Another key factor of empathy decline among medical students and residents is distress (e.g., burnout, reduced quality of life, depression), which is probably caused by the previously mentioned elements of the "hidden curriculum."

The medical students and interns surveyed were asked which factors they viewed as affecting empathy during education. They considered "mentoring and clinical experiences that promote professional growth" to be the most important; "negative feelings and attitudes toward patients" and "negative school and work experiences" were less important in their view."
(for full article: http://www.medscape.com/viewarticle/747624)
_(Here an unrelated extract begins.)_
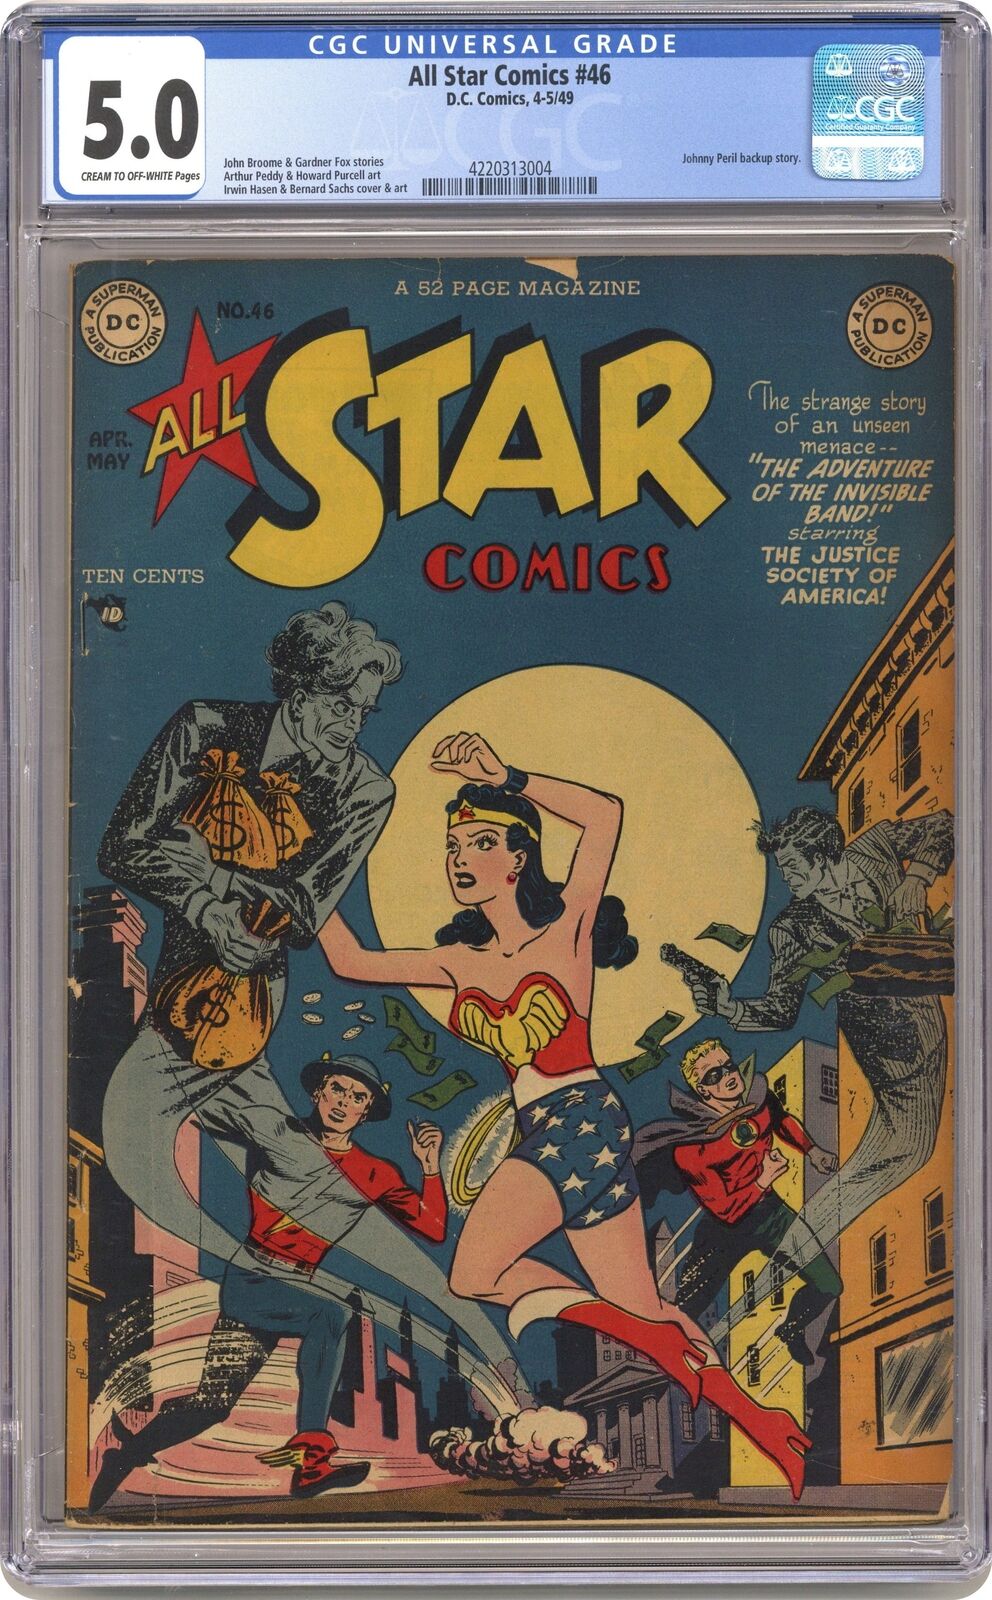 All Star Comics #46 CGC 5.0 1949 4220313004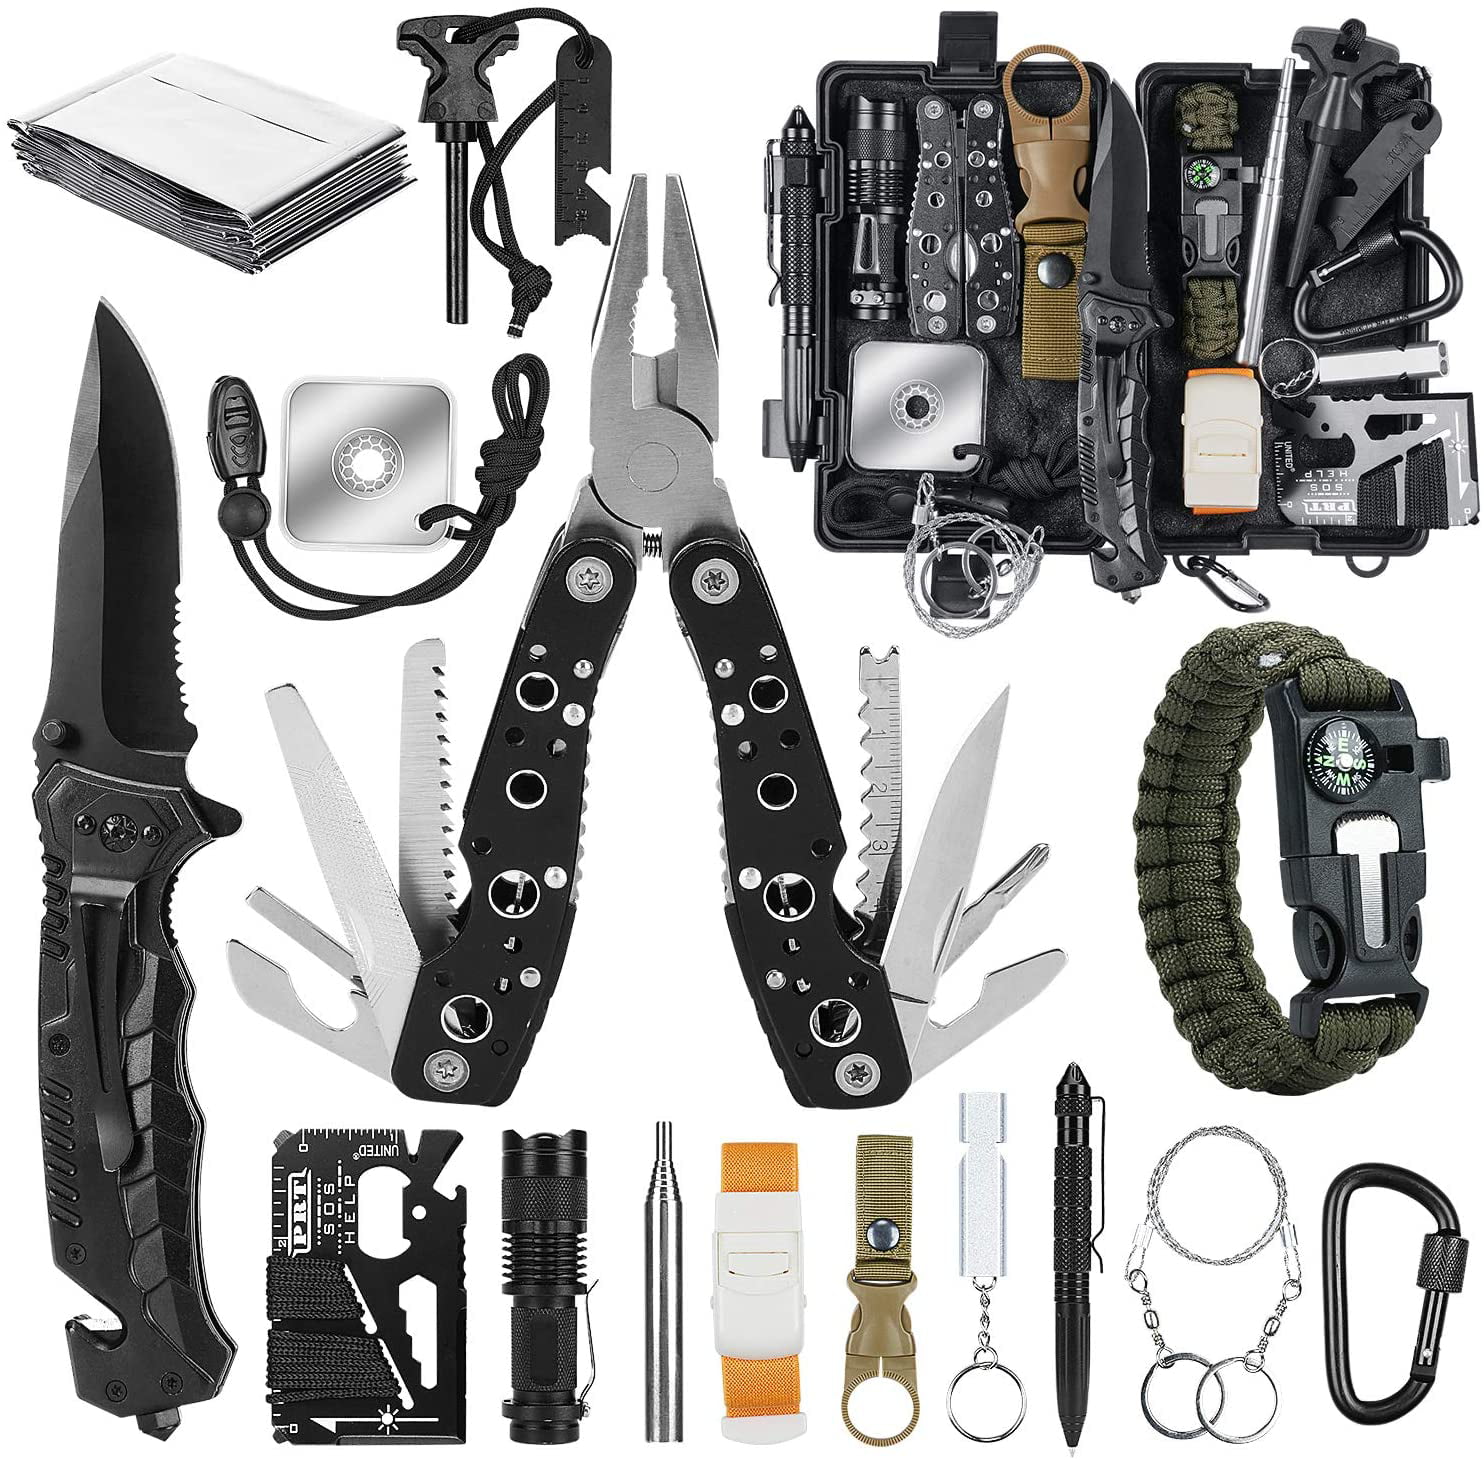 Emergency Survival Gear kit,Bracelet,Emergency Blanket,SOS,etc Emergency Survival Kit /& Survival Gear with Tactical Lifesaving Emergency Tools

When I read--skimmed the article, I actually felt scared that in the next year, I might just be like the medical student in this study. Too stressed to care or too hurt that will lead to eventually not caring or worse, becoming like my professor. Okay, maybe he's not all bad and that I shouldn't generalize him based on that one incident.. but I still feel that he shouldn't have laughed at the patient's fate. Sure, he didn't laugh in front of her or her family, but doing it in front of the class, might as well be as awful as doing the former. Like what the article said, mentoring and clinical experiences that promote professional growth was the most important factor affecting empathy during education. If professor just does not seem to care, what message is he sending his students?

A patient is a patient. A human being. Someone in need. Dehumanizing them to do one's responsibilities would not help one bit. A doctor cares for the sick not for the sickness. It is for that reason that I admire consultants/residents who actually take time to get to know the patient or actually knowing how the patient was, instead of throwing the generic "how are you today?" and leaving 1-2 minutes later. Sure, most doctors would probably argue that having dozens of patients won't give them enough time to have small chit-chats with their patients, but how come certain doctors can still take the time to do so?

Back when I was in 1st year, a professor told us a story of a certain patient and laughed at how his/her organs could no longer be placed back inside his/her body which, among other things, led to the patient's death. I pray, one day, when I become a nurse-doctor, I won't be detached like he was.. that I would still be human enough to feel and care.